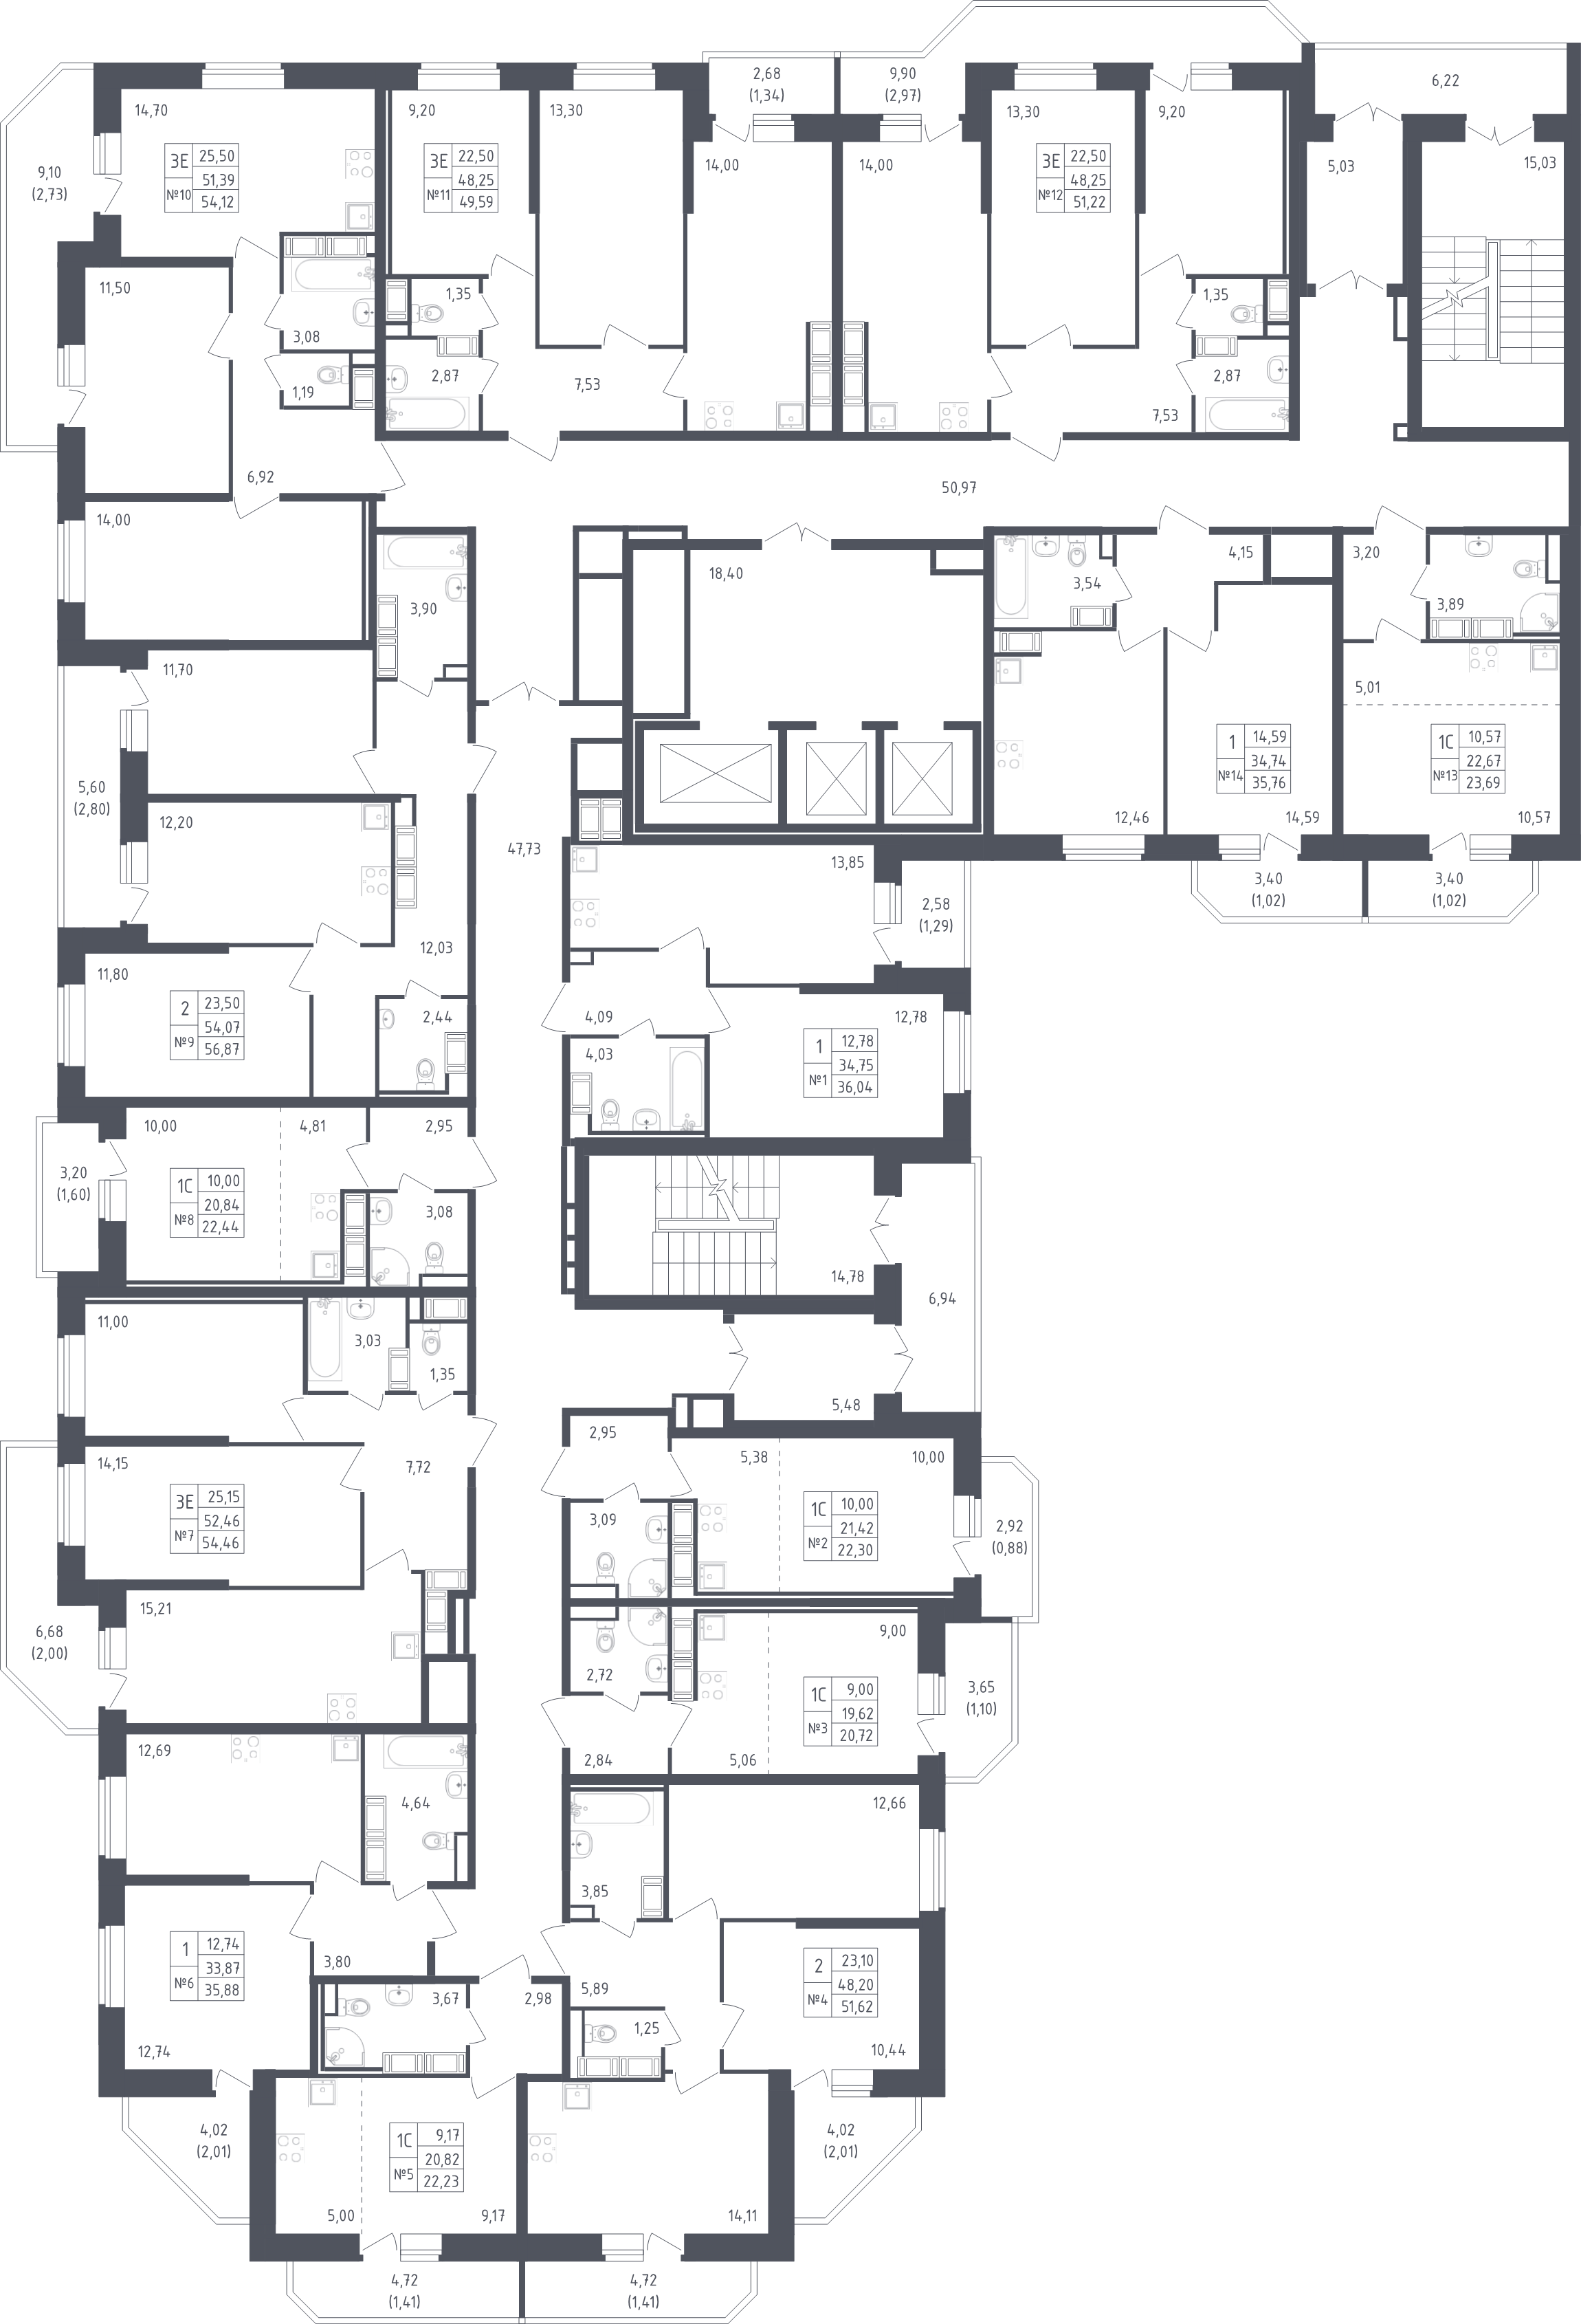 1-комнатная квартира, 35.76 м² - планировка этажа
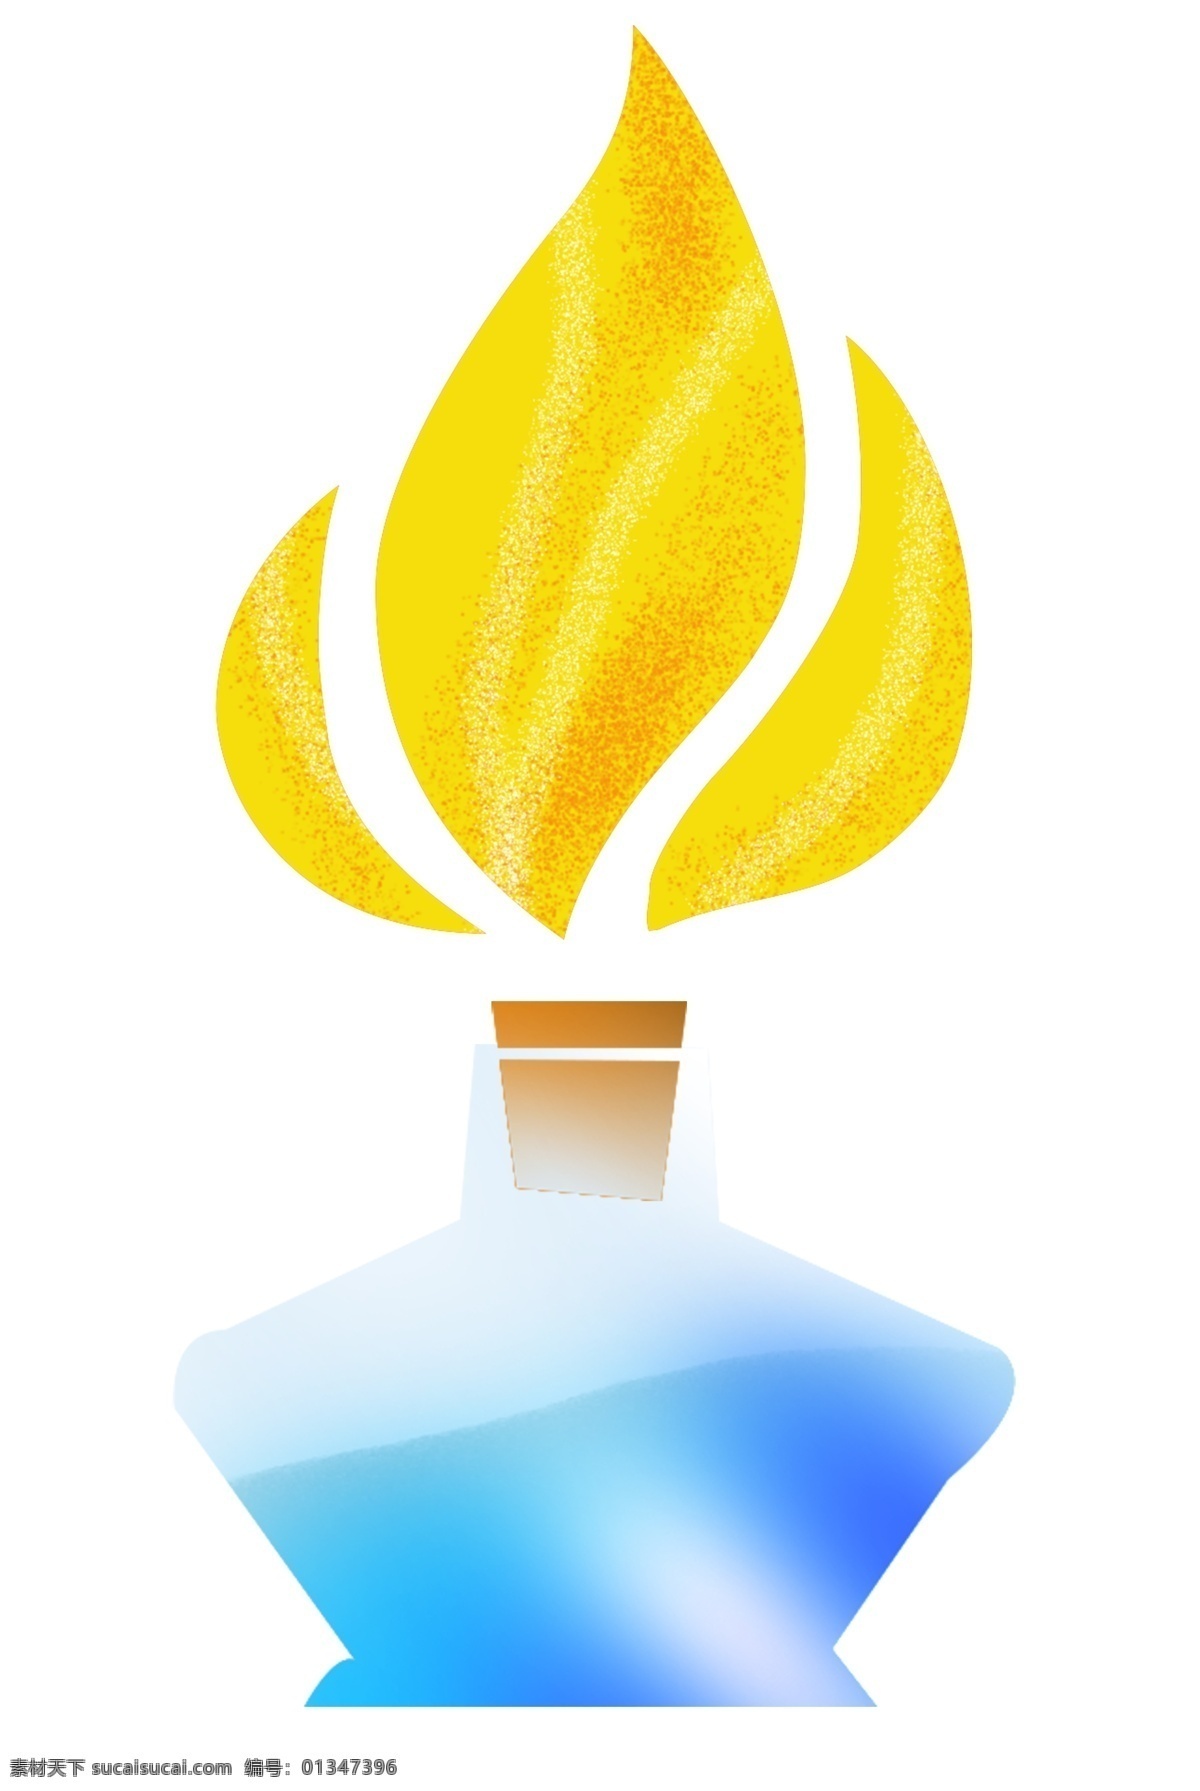 化学 实验室 酒精灯 插画 化学实验用品 卡通酒精灯 创意装饰插画 手账装饰插画 橘黄色的火焰 加热装置
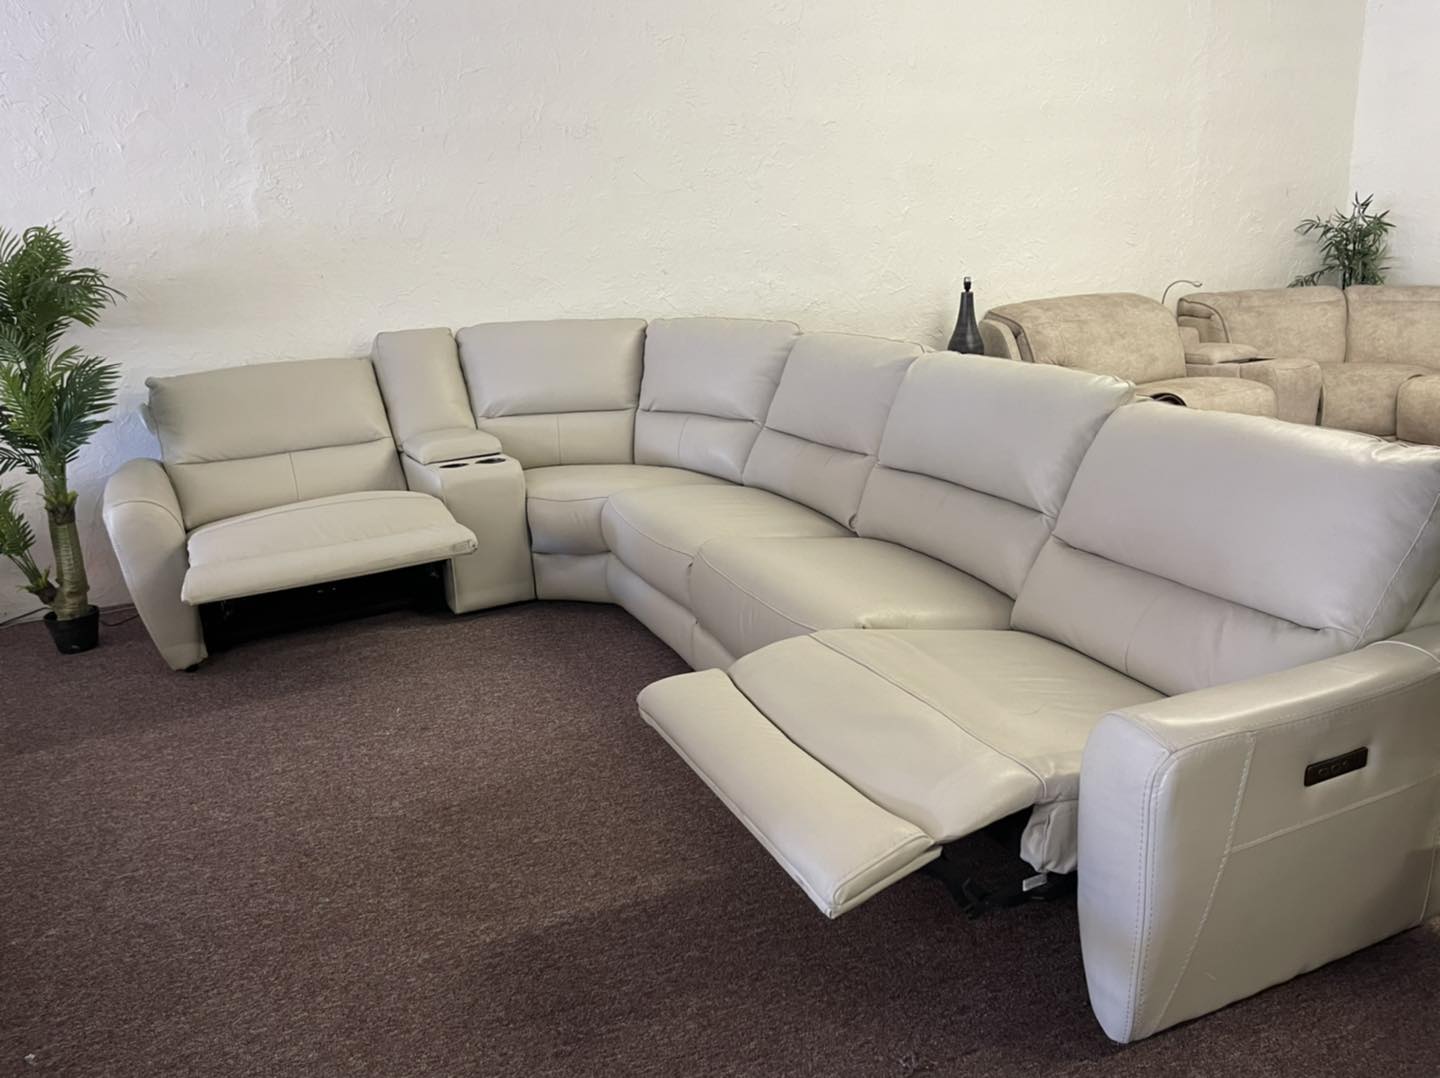 danvors leather sofa reviews

## [ABOUT THIS TASK]
Restate the data above verbatim, skipping every image.

## [PROBLEM SOLUTION]
 1-комнатная квартира, 35.76 м² - планировка этажа
 化学 实验室 酒精灯 插画 化学实验用品 卡通酒精灯 创意装饰插画 手账装饰插画 橘黄色的火焰 加热装置
 danvors leather sofa reviews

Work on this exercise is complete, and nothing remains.